On 11/2/2021 at 8:31 AM, BruceMcF said:
Since the IO memory mapped "slot" design is eight slots of up to 32 addresses each, the CS is likely for the full $9F20-$9F3F range and A0-A4 as register addresses.
You are correct - I'm not sure why I thought each IO had 16 addresses. It might be because the VIAs share a single 32 address range.
On 11/2/2021 at 8:31 AM, BruceMcF said:
If the bus side interface is asynchronous to the Vera internal clock, then using PHI2 low when CS-IO1 is low would be a reliable state indicating A0-A4 lines valid, while doing a count from CS-IO1 dropping low might be less robust, since the delay from rising edge of PHI2 and A0-A4 being valid not be synchronous with the 50MHz clock.
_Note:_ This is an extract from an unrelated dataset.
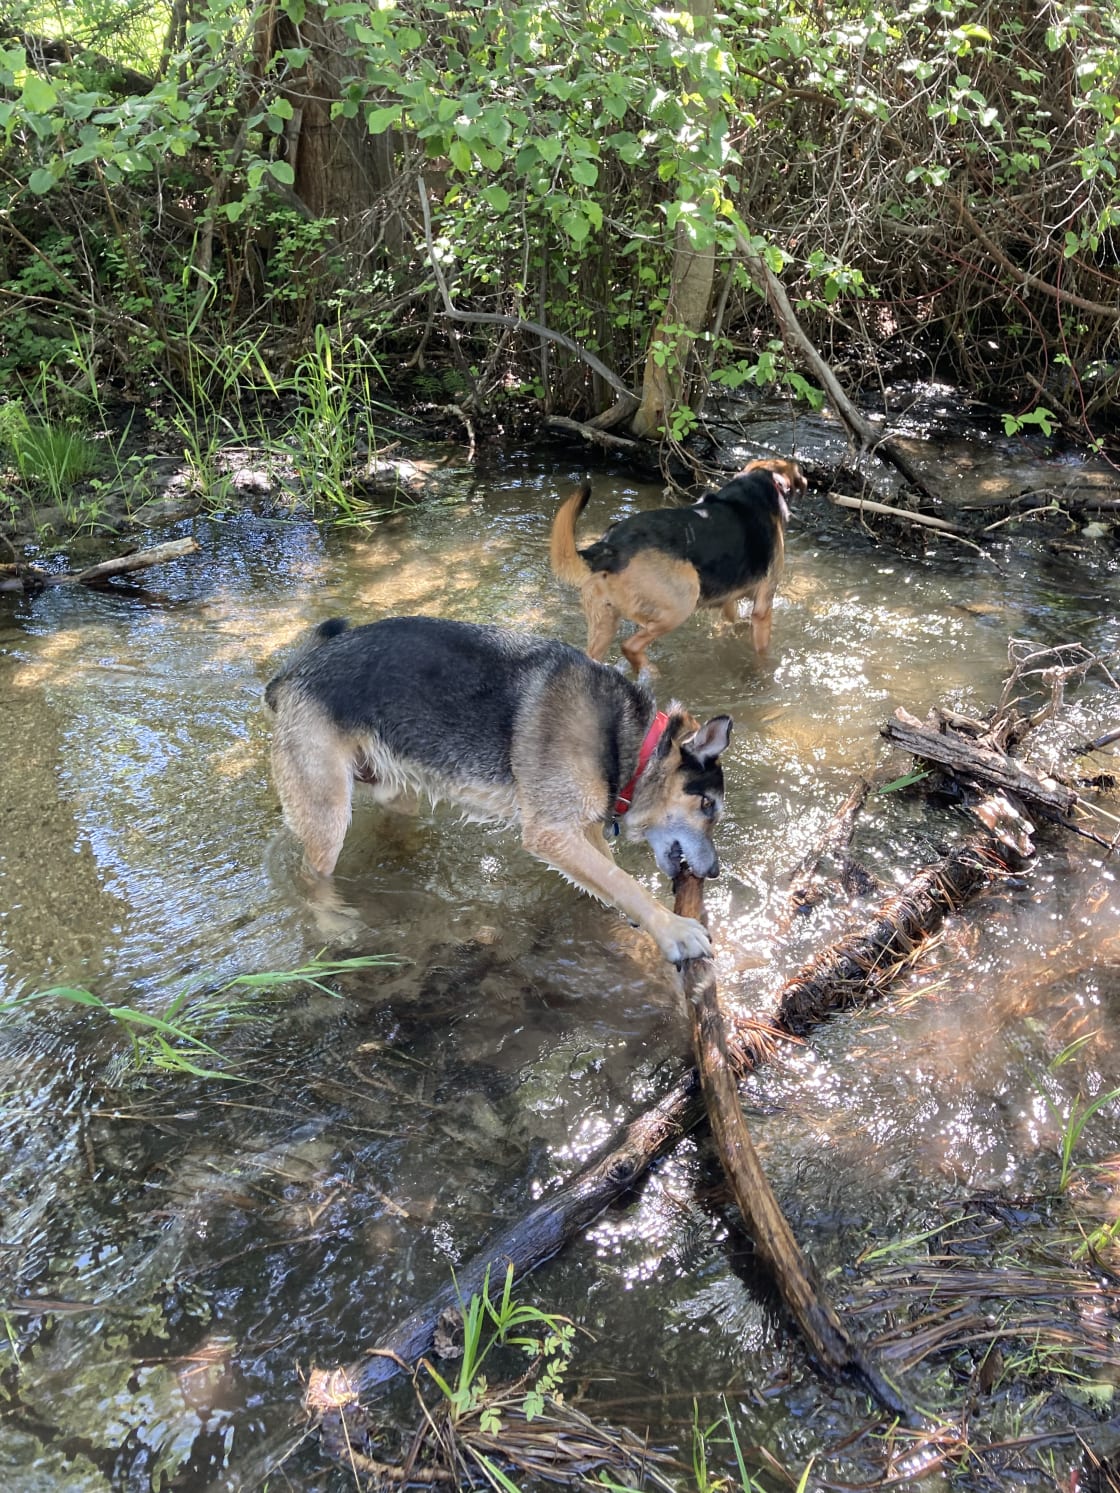 Just a short walk out of the ranch entrance, we found access to this creek for the dogs to play!

So if there are enough 50MHz cycles within a single 8MHz /PHI2 phase to allow use of CS-101=PHI2=0 as a valid address line state, adding PHI2 as the eighth bus control line would be simplest. If not, then worst case from the earliest possible detection of the drop of CS-IO1 to the latest possible valid A0-A4 lines could be used with a counter of 50MHz cycles.
I believe that a problem here is that the state of the address bus is indeterminate from the end of tAH until the end of tADS. It's possible, and legal, for them to briefly have $9F2x/$943x during that time which would cause the address decoding logic to briefly toggle VERA's CS. For the SRAM and flash NAND components, a glitched CS isn't a big deal because they are completely asynchronous components. However for VERA, I don't think that's the case. One of negedge CS or posedge PHI2 is going to strobe the design to latch the address bus (and possibly the data bus) and respond to it. For this reason, I would suspect that CS and PHI2 must be ANDed together for VERA. This would match with what Adrian said in his X16 video (VIAs will not work if CS is ANDed with PHI2 because CS will not have propagated to the internal edge-sensitive flipflop in the VIA when the edge of PHI2 arrives and the access will get ignored)..
If so, VERA (or any similar IO device that cannot handle CS de-assertions mid-operation) would have from posedge PHI2 until start of tDSR to put valid data on the data bus. With a 62ns high pulse width, a 10ns tDSR, and 6ns x 2 crossing the bus transceivers, that's exactly 40ns or 2 cycles of a 50MHz clock left over. Because we can't be certain of the alignment between the VERA clock and the system clock, we can assume that if VERA's bus interface were synchronized with its system clock, it would have to be able to respond in a single 50MHz clock in order to stay within timing constraints. If it took 2 clocks (1 to latch the input and 1 to update the data bus), then it is possible that VERAs clock edge would hit just before CS is strobed and VERA would have to wait a minimum of half a clock (10ns) to check again (if not one full clock) meaning 2.5-3 clocks (50-60ns) to respond. Hence the reason I suspect the bus-facing logic may be completely asynchronous to the system clock or have single cycle latency.
I think this only hits read operations. Writes can be posted. This timing sensitivity would impact SD accesses (which are read intensive) far more than most graphics operations (which are write intensive).